DFL, or Distribution Focal Loss, helps box localization by predicting coordinate distributions instead of only direct box values. YOLO26 summaries say DFL is removed to simplify deployment/export and reduce overhead, while ProgLoss and STAL are introduced as training-time improvements to keep localization quality strong. (Datature)

So ProgLoss acts like a curriculum:

\[\text{early stage: semantic learning}\] \[\text{late stage: geometric refinement}\]

This is useful because if box regression dominates too early, the detector may try to precisely localize objects before it has learned stable object/category features.

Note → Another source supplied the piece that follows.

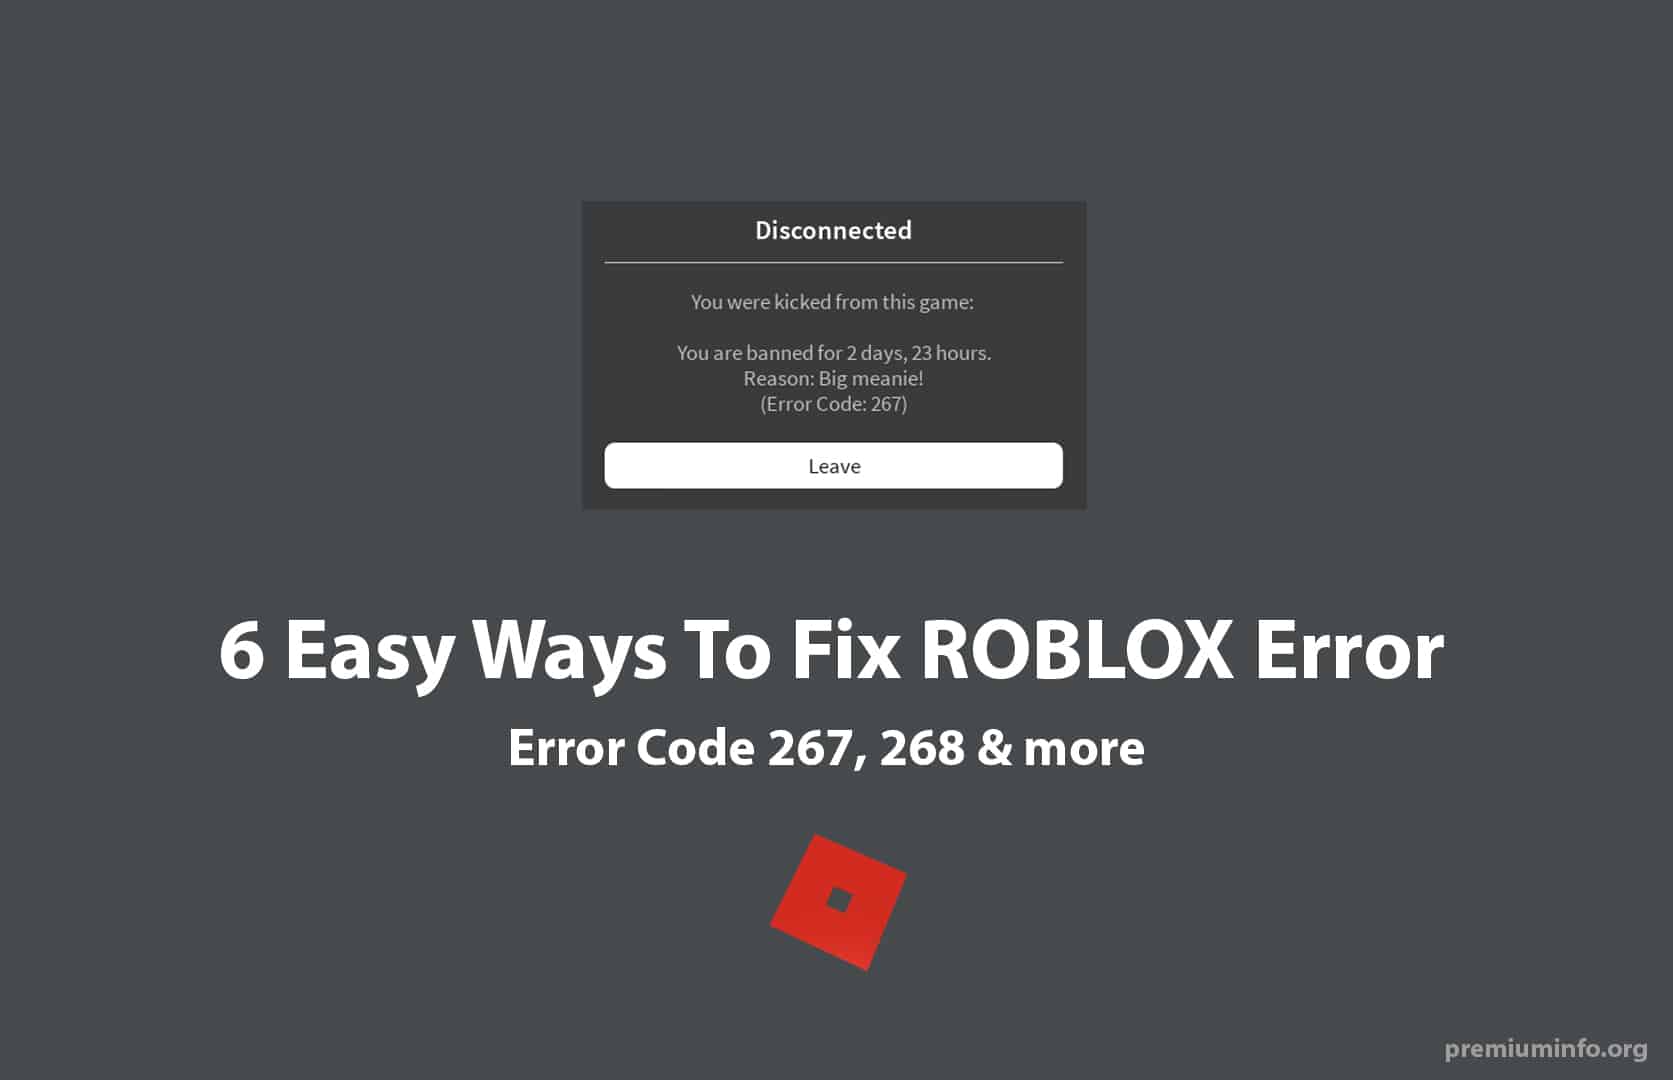 Fixed 6 Ways To Fix Roblox Error Code 267 Premiuminfo - disconnected roblox

5. Slightly more realistic formulation

Usually the box loss may be IoU-based:

\[L_{\text{box}} = 1 - \operatorname{IoU}(B_{\text{pred}}, B_{\text{gt}})\]

and classification may be BCE or focal loss:

\[L_{\text{cls}} = -\left( y\log(p)+(1-y)\log(1-p) \right).\]

Then ProgLoss is:

\[L(t) = \lambda_{\text{cls}}(t) \left[-\left(y\log(p)+(1-y)\log(1-p)\right)\right] + \lambda_{\text{box}}(t) \left[1-\operatorname{IoU}(B_{\text{pred}},B_{\text{gt}})\right].\]

At the beginning:

\[\lambda_{\text{cls}}(t) > \lambda_{\text{box}}(t)\]

At the end:

\[\lambda_{\text{box}}(t) > \lambda_{\text{cls}}(t)\]

6. Pseudocode

1
2
3
4
5
6
7
8
9
10
11
12
13
14
15
16
17
18
19
20
21
def progloss(
    cls_loss,
    box_loss,
    epoch,
    total_epochs,
    cls_start=2.0,
    cls_end=0.5,
    box_start=0.5,
    box_end=2.0,
):
    # progress from 0 to 1
    p = epoch / total_epochs

    # progressive weights
    lambda_cls = cls_start + (cls_end - cls_start) * p
    lambda_box = box_start + (box_end - box_start) * p

    # total detection loss
    total_loss = lambda_cls * cls_loss + lambda_box * box_loss

    return total_loss, lambda_cls, lambda_box

Training loop:

1
2
3
4
5
6
7
8
9
10
11
12
13
14
15
16
17
for epoch in range(total_epochs):
    for images, targets in dataloader:
        pred = model(images)

        cls_loss = classification_loss(pred, targets)
        box_loss = box_regression_loss(pred, targets)

        loss, lambda_cls, lambda_box = progloss(
            cls_loss=cls_loss,
            box_loss=box_loss,
            epoch=epoch,
            total_epochs=total_epochs,
        )

        optimizer.zero_grad()
        loss.backward()
        optimizer.step()

7. Summary

ProgLoss changes this:

\[L = \lambda_{\text{cls}}L_{\text{cls}}+\lambda_{\text{box}}L_{\text{box}}\]

from fixed weights to dynamic weights:

\[L(t)=\lambda_{\text{cls}}(t)L_{\text{cls}}+\lambda_{\text{box}}(t)L_{\text{box}}.\]

The purpose is:

\[\boxed{ \text{early: learn to classify} }\] \[\boxed{ \text{late: learn to localize precisely} }\]

In plain language: ProgLoss first pushes the detector on what the object is, then gradually shifts emphasis to where the object is.